Varun Mittal, global emerging markets fintech leader at EY, the professional services company, said: “For Singapore to succeed, it needs Hong Kong to also succeed together because both represent Asia to the world.
“These are two wheels of a bicycle for an Asian global visibility and global portrayal of the kind of stuff which is happening in Asia.”
Fintechs of most types located in Singapore
In recent years, fintechs of various hues have established themselves in Singapore, benefiting from regulatory support, a strong talent pool, and high mobile penetration while some fintechs have viewed the market as a gateway for the rest of the Southeast Asian market.
Singapore’s banking sector is worth around £2 trillion, according to Singapore’s central bank, the Monetary Authority of Singapore, and the sector is set for a fillip next year when a handful of new firms, recently awarded digital banking licences, enter the fray.
and it has been reported that those operating in this space have struggled during Covid-19, hit by a decline in fees.
Singapore is Asia’s highest-ranking fintech city, according to Findexable’s global fintech index, 2020.

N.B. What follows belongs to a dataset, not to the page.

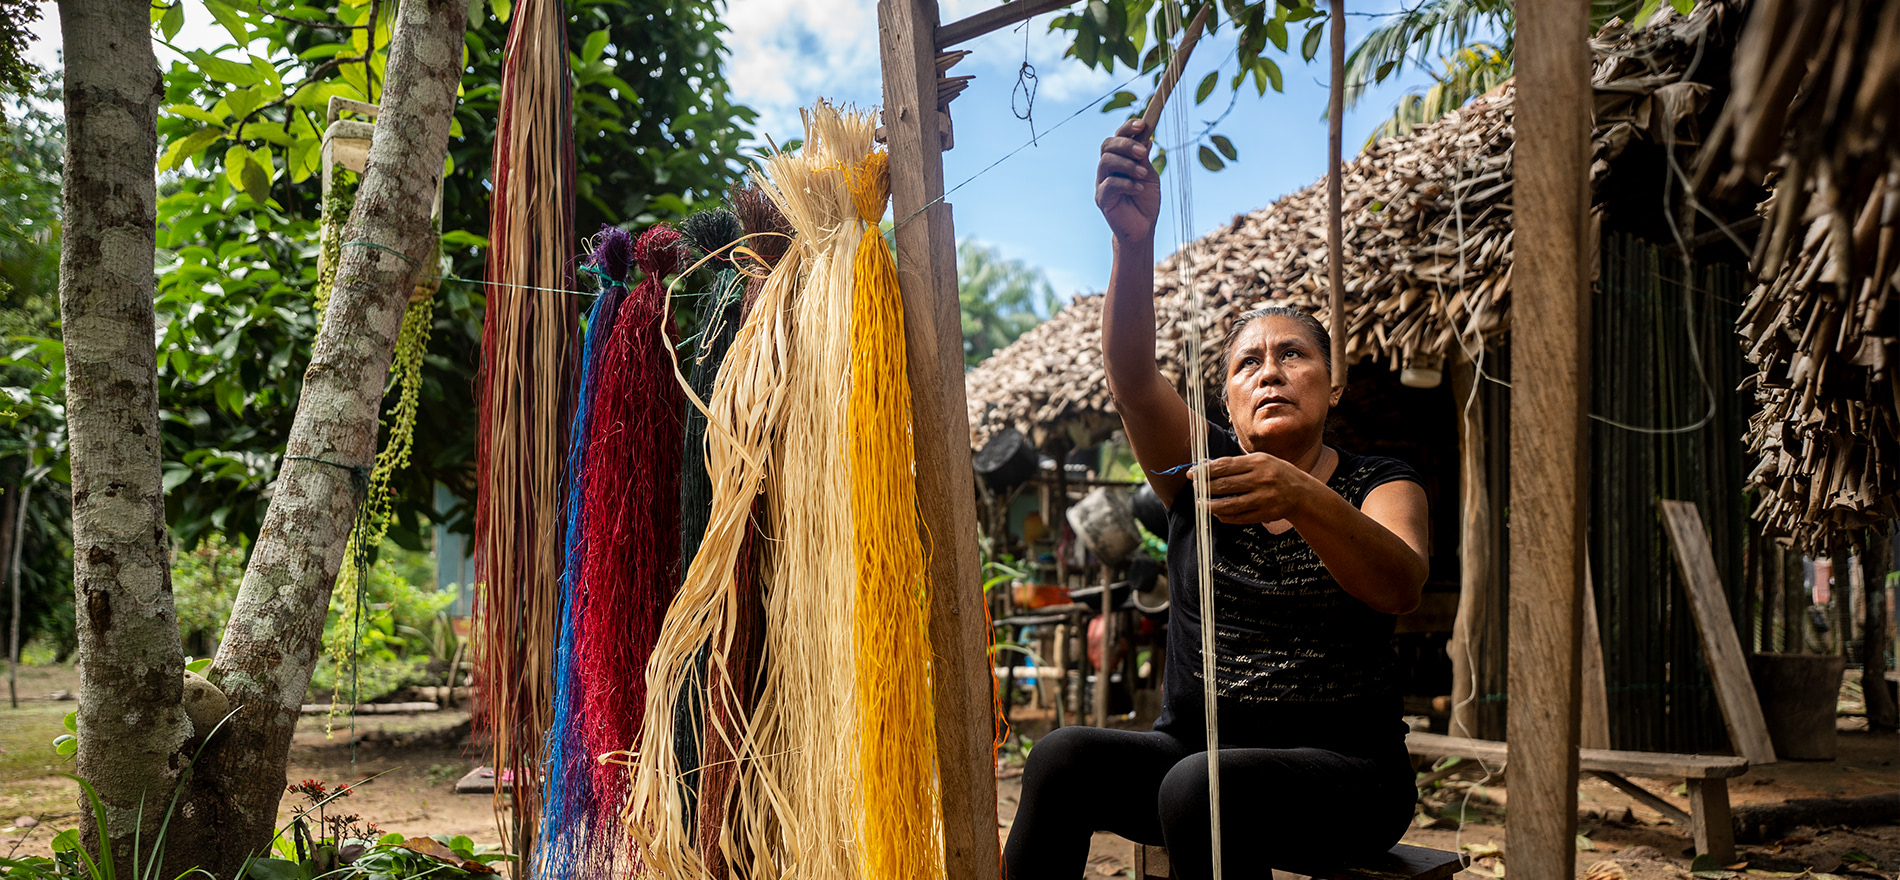 mujer campesina en rancheria tejiendo y haciendo artesanias de colombia.

According to figures, 40 per cent of Southeast Asia’s fintechs are based in Singapore, with more than 100 incubators, over 40 innovation labs and over 150 venture capitalist investors.
It also has a high level of smartphone penetration, around 82 per cent, according to official statistics, and Singapore is often seen as a destination for mobile firms to release their latest models attracting users from other parts of Southeast Asia keen to get the newest smartphone.
Fintechs across blockchain, regtech, data analytics, insurtech and wealth management abound.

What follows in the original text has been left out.